--- Information supplied Enclosed Below ---

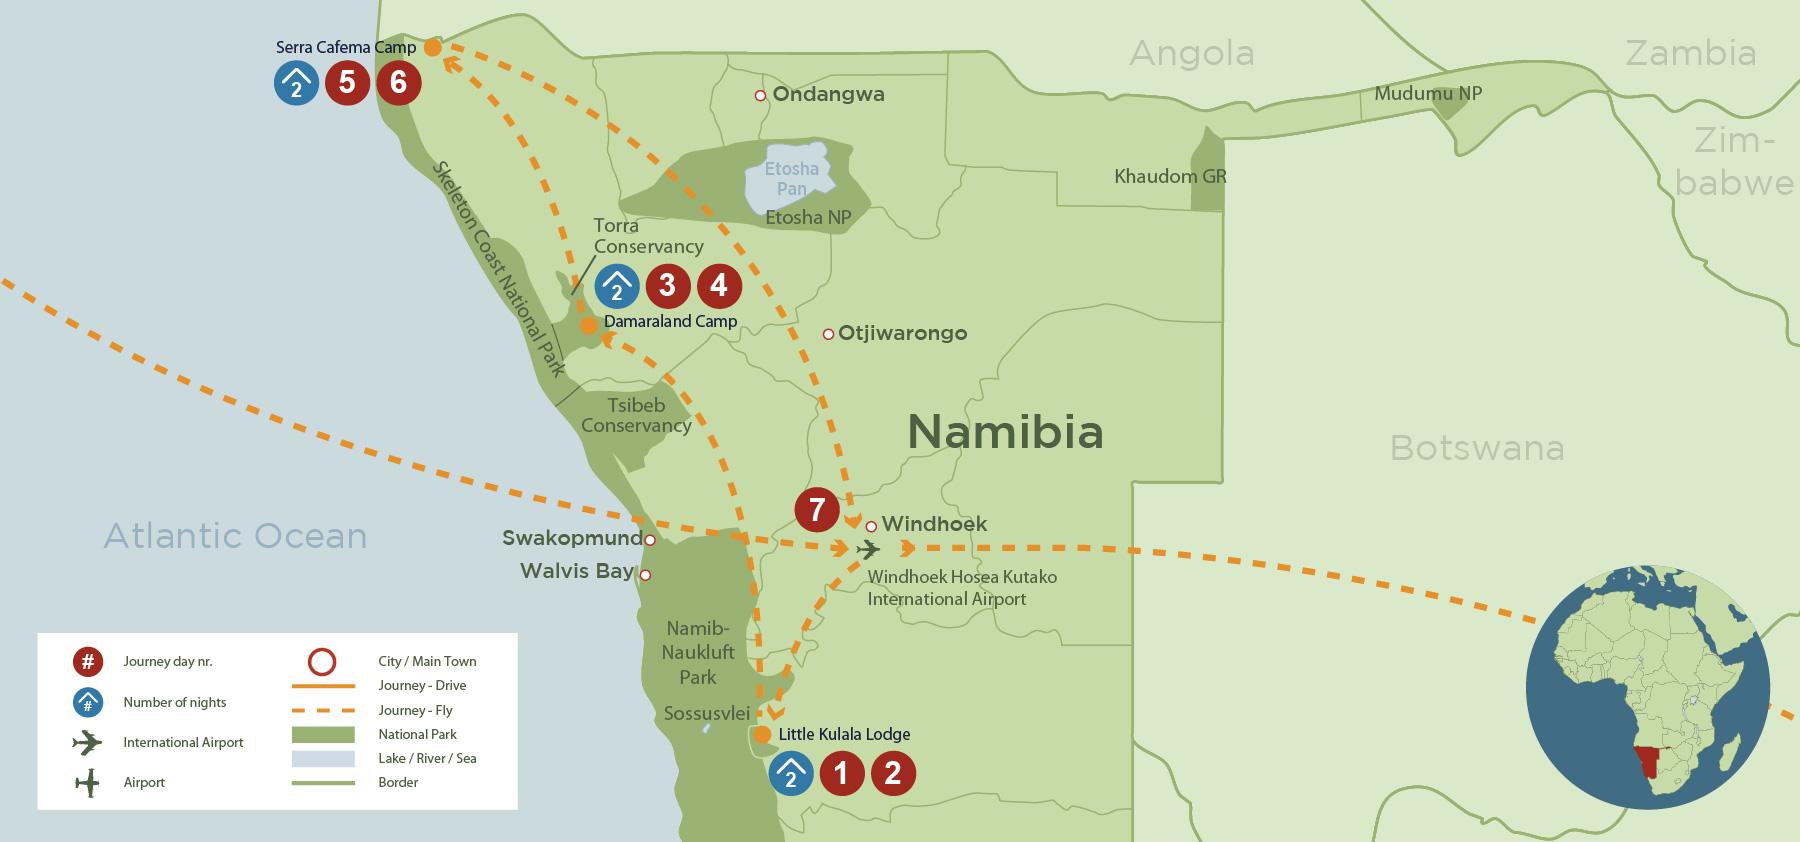 Luxury Namibia: Sossusvlei, Damaraland and Kunene (SA 7 days) safari map
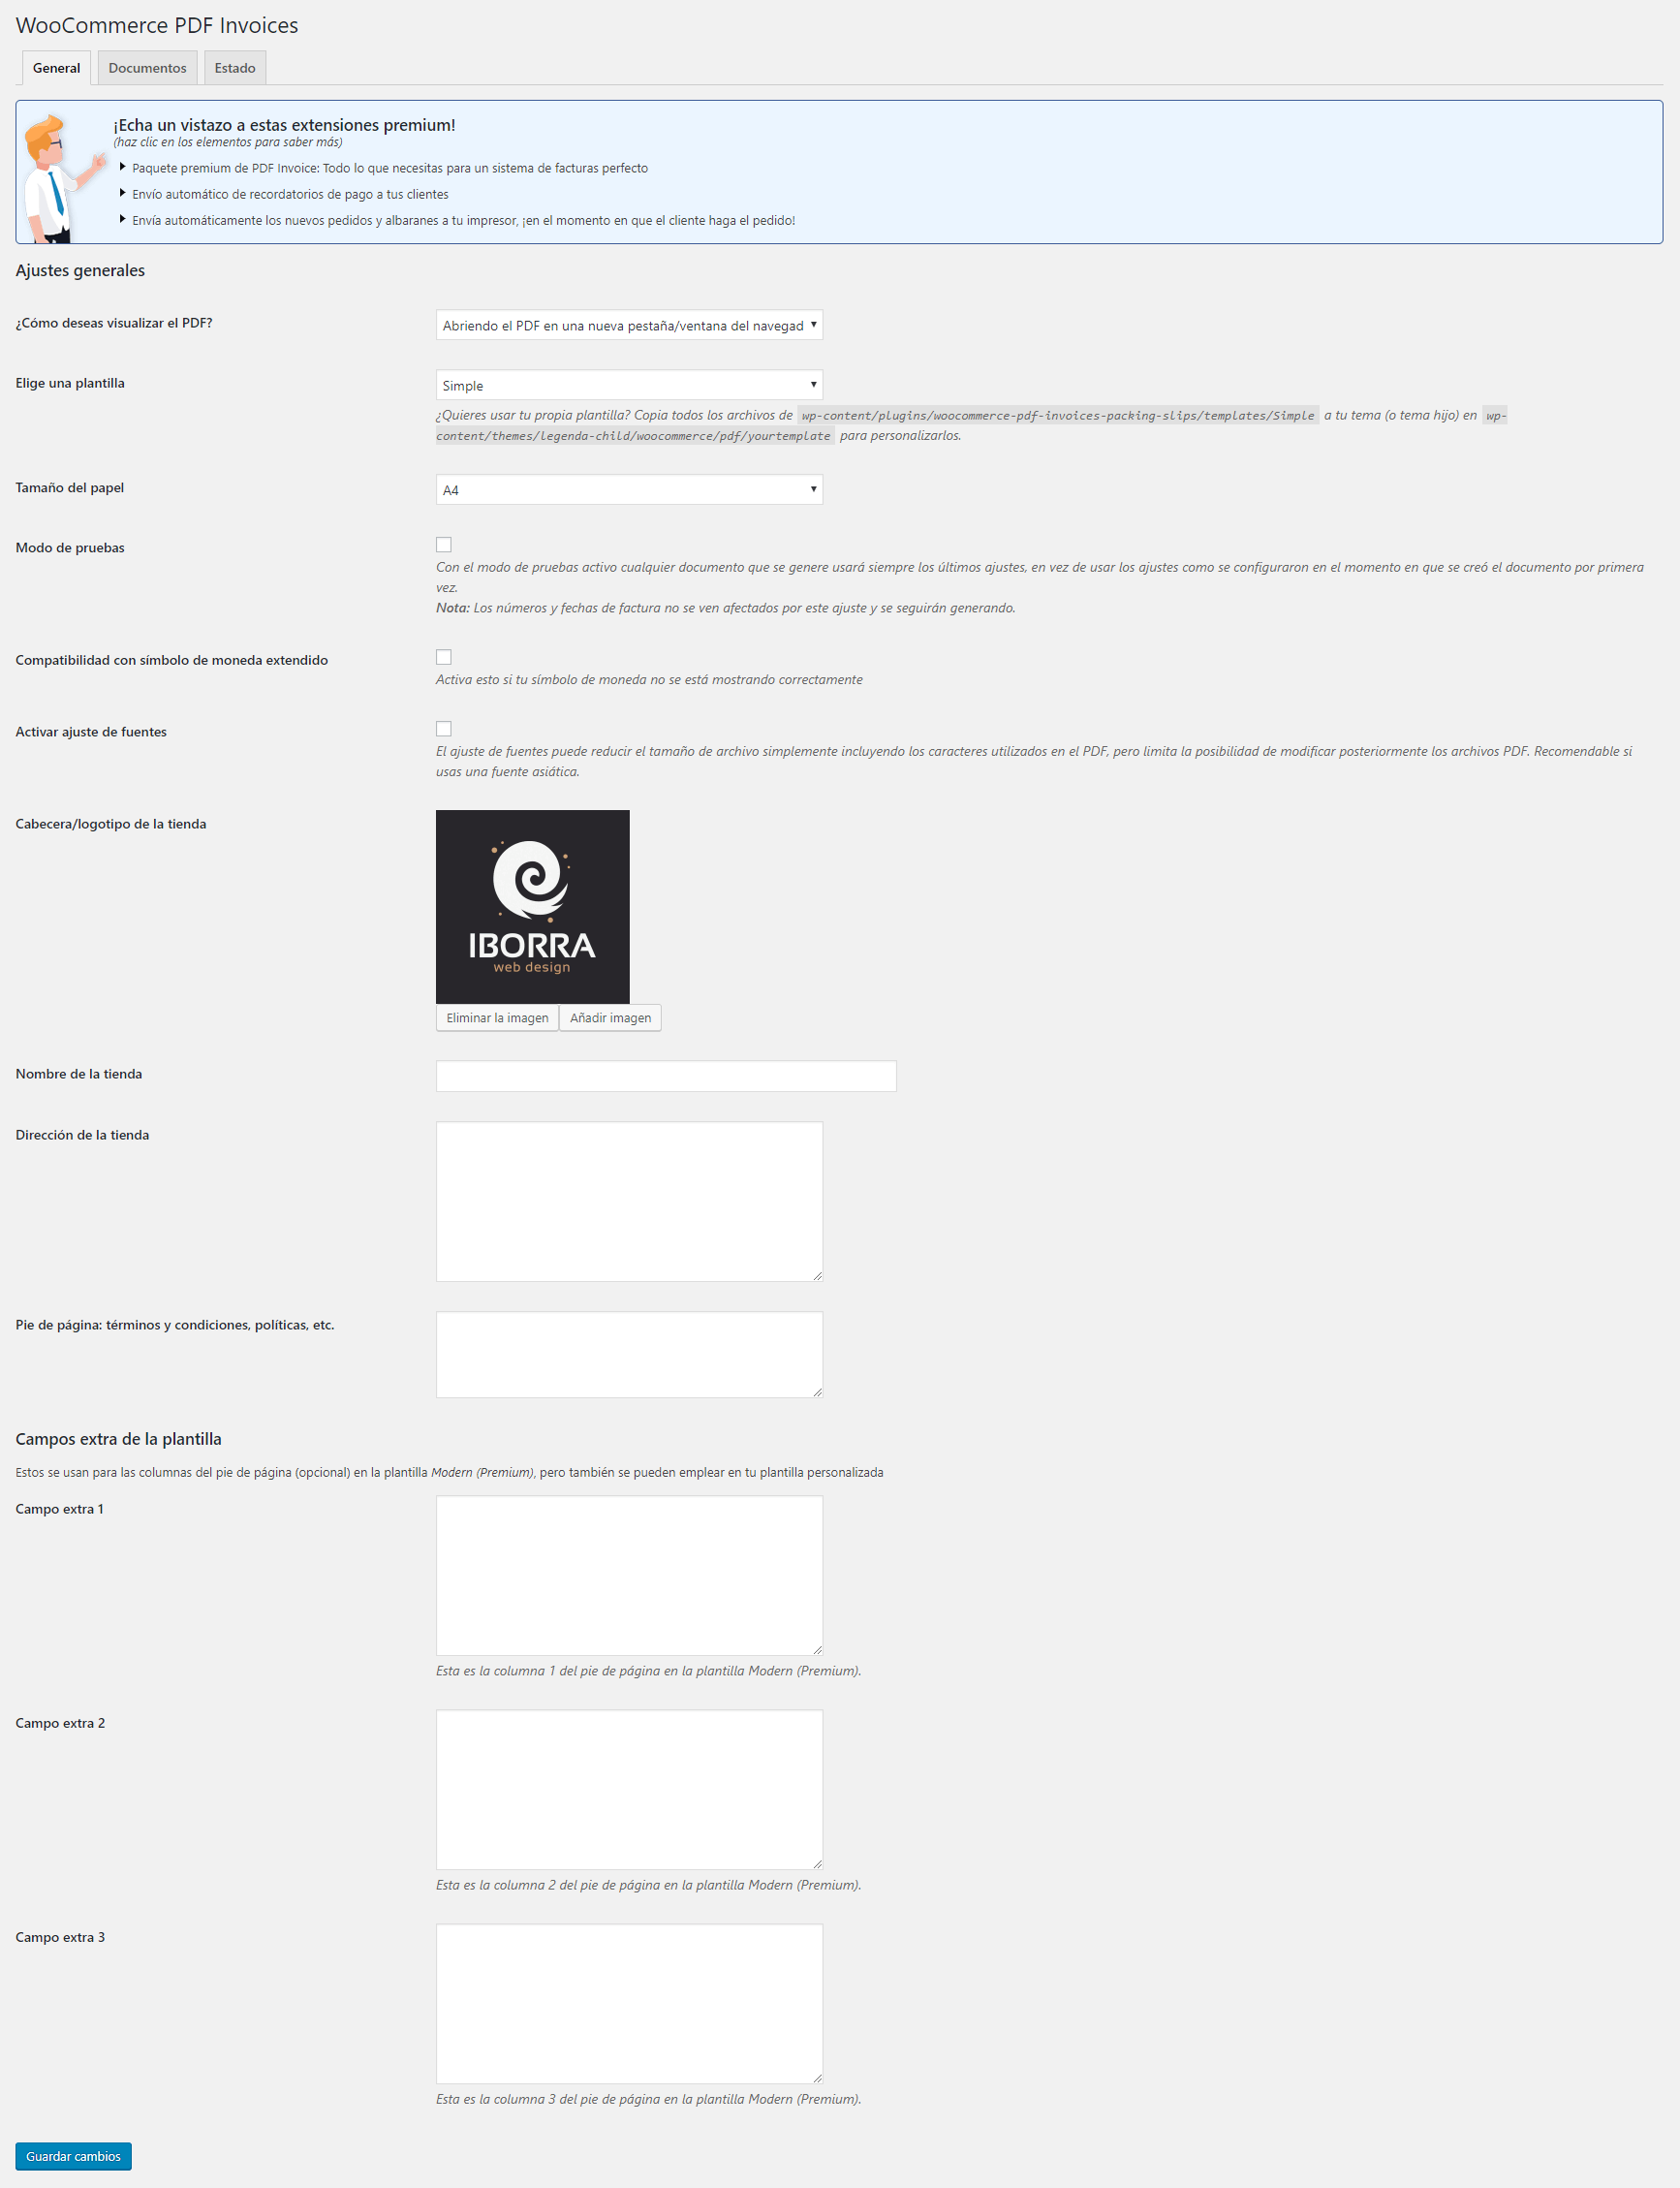 incluir dni y generar facturas pdf en woocommerce img4 - iborra web design
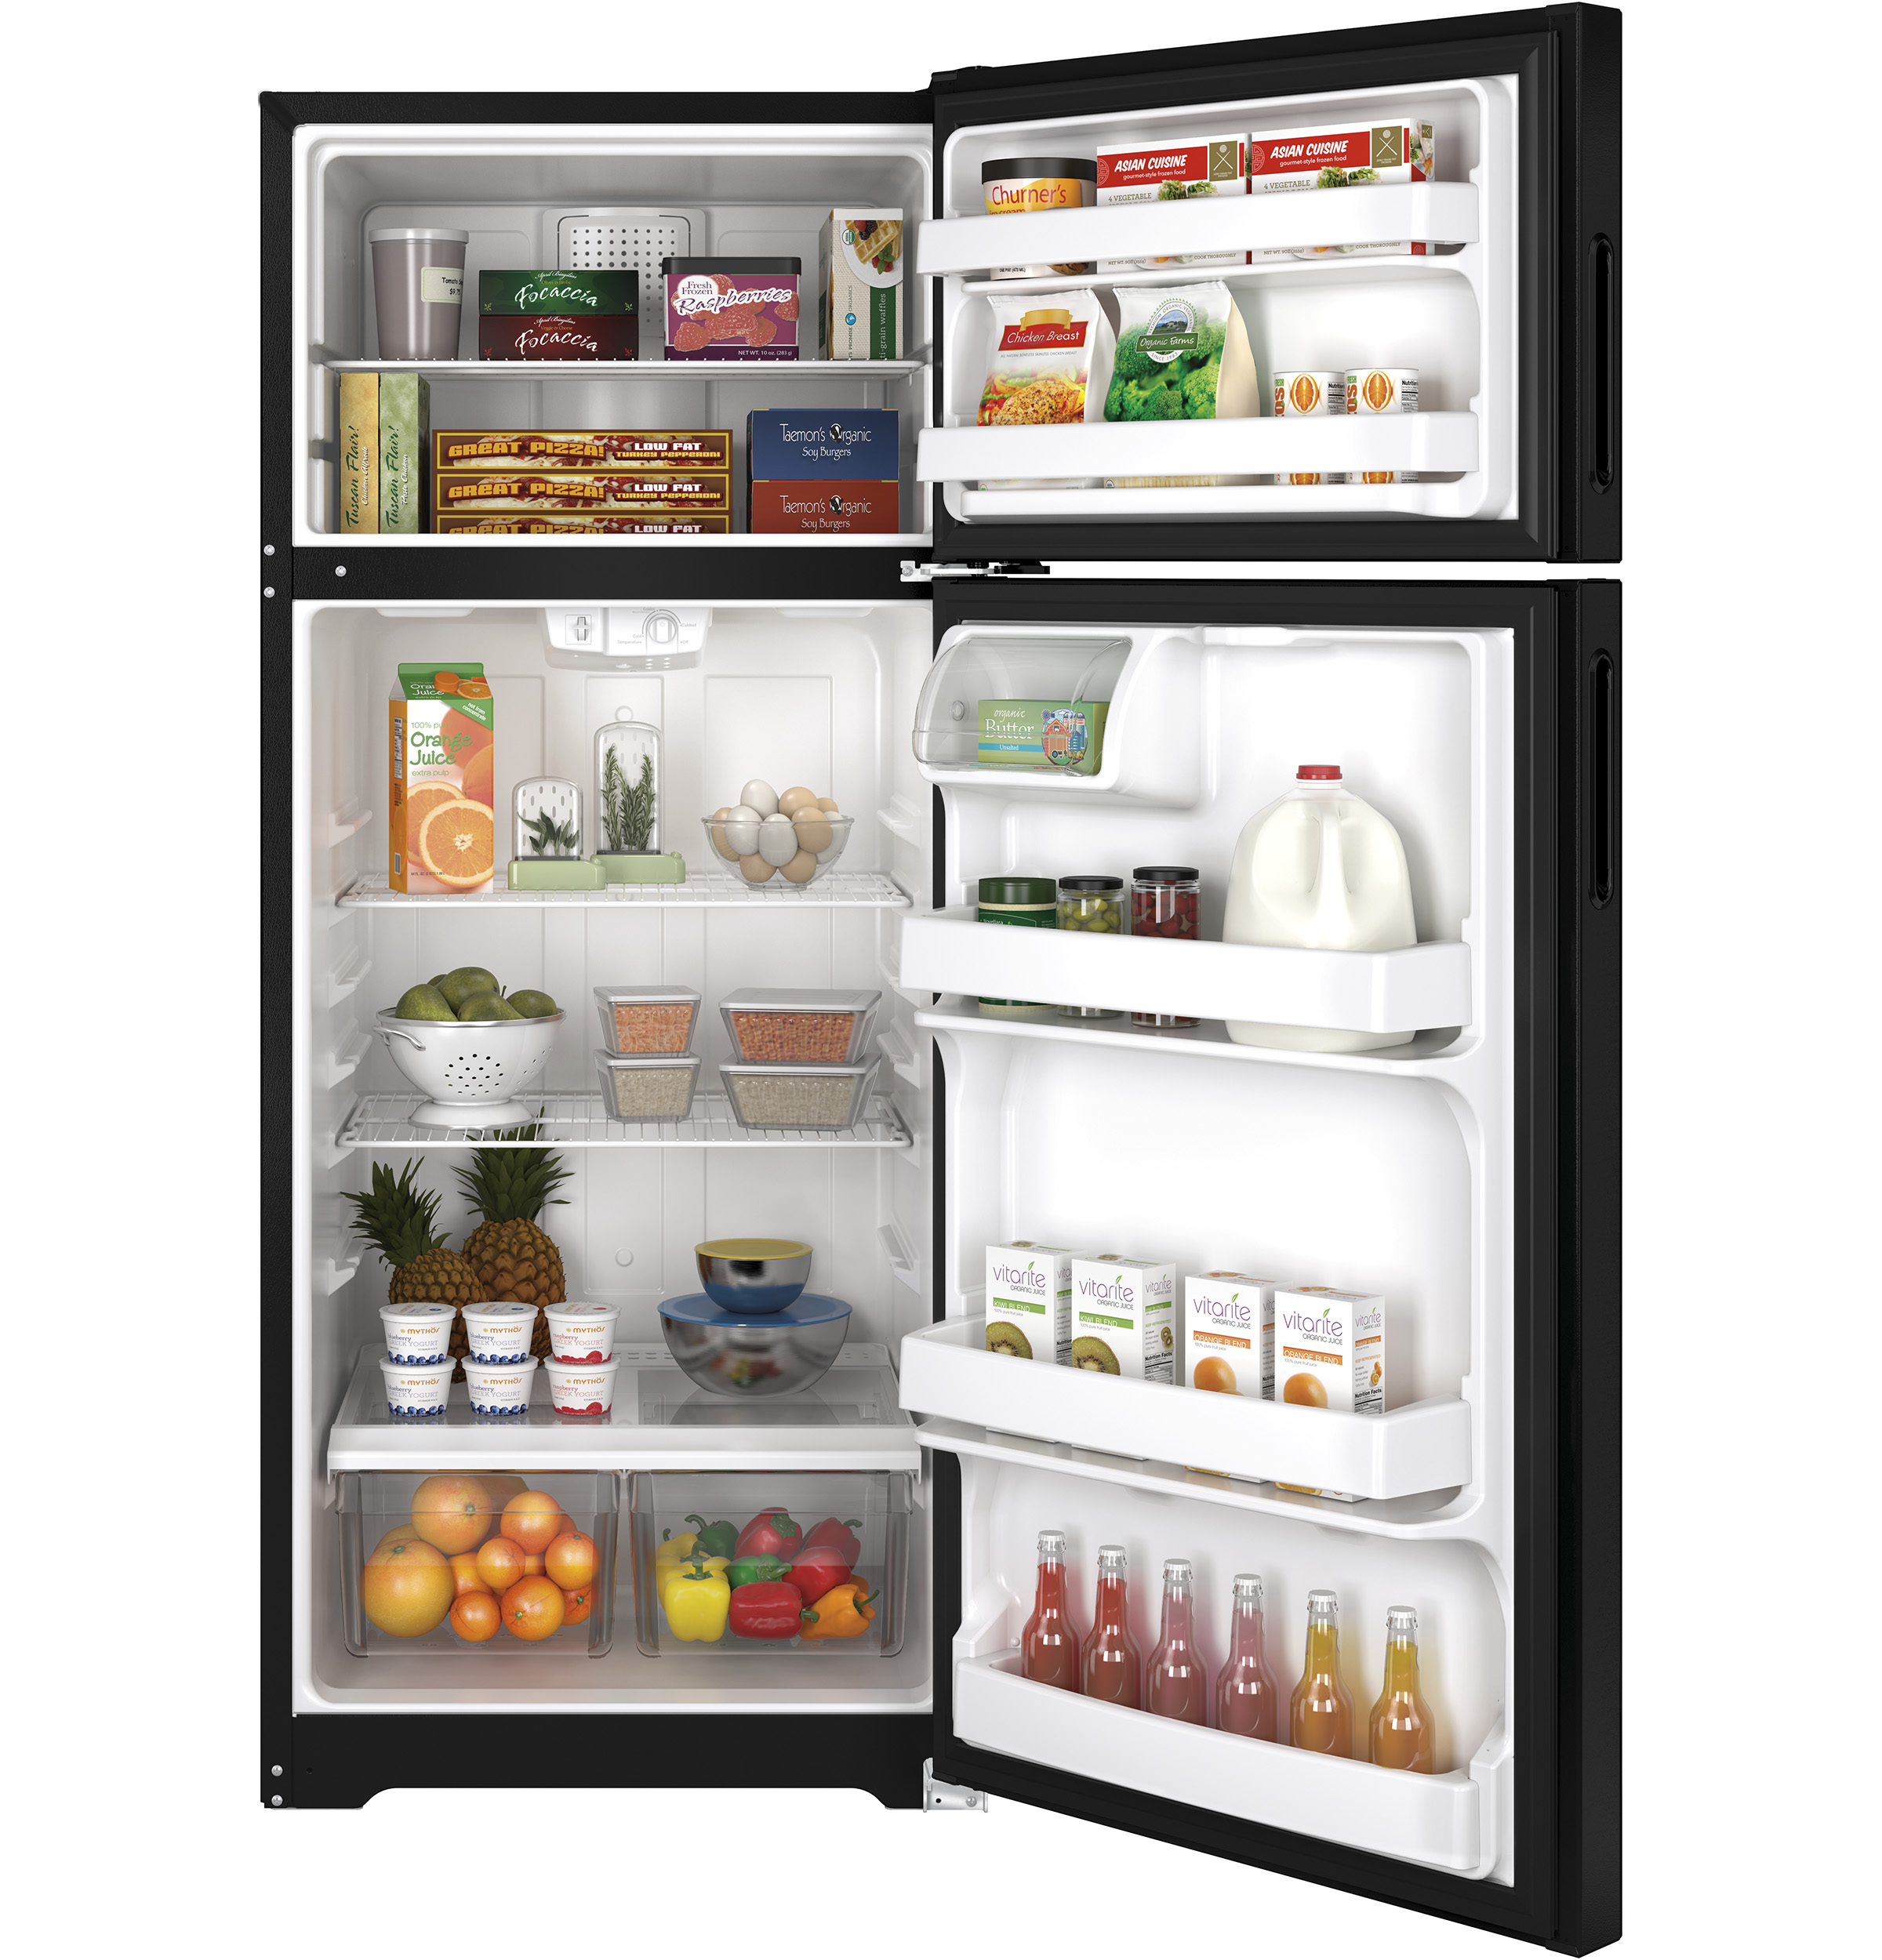 Hotpoint HPS18BTHBB 17.6 cu. ft. Top-Freezer Refrigerator - Black

--- End of Enclosed Information supplied ---

Reproduce the listing above exactly, without a single picture.

 Luxury Namibia: Sossusvlei, Damaraland and Kunene (SA 7 days) safari map
 incluir dni y generar facturas pdf en woocommerce img4 - iborra web design
 Hotpoint HPS18BTHBB 17.6 cu. ft. Top-Freezer Refrigerator - Black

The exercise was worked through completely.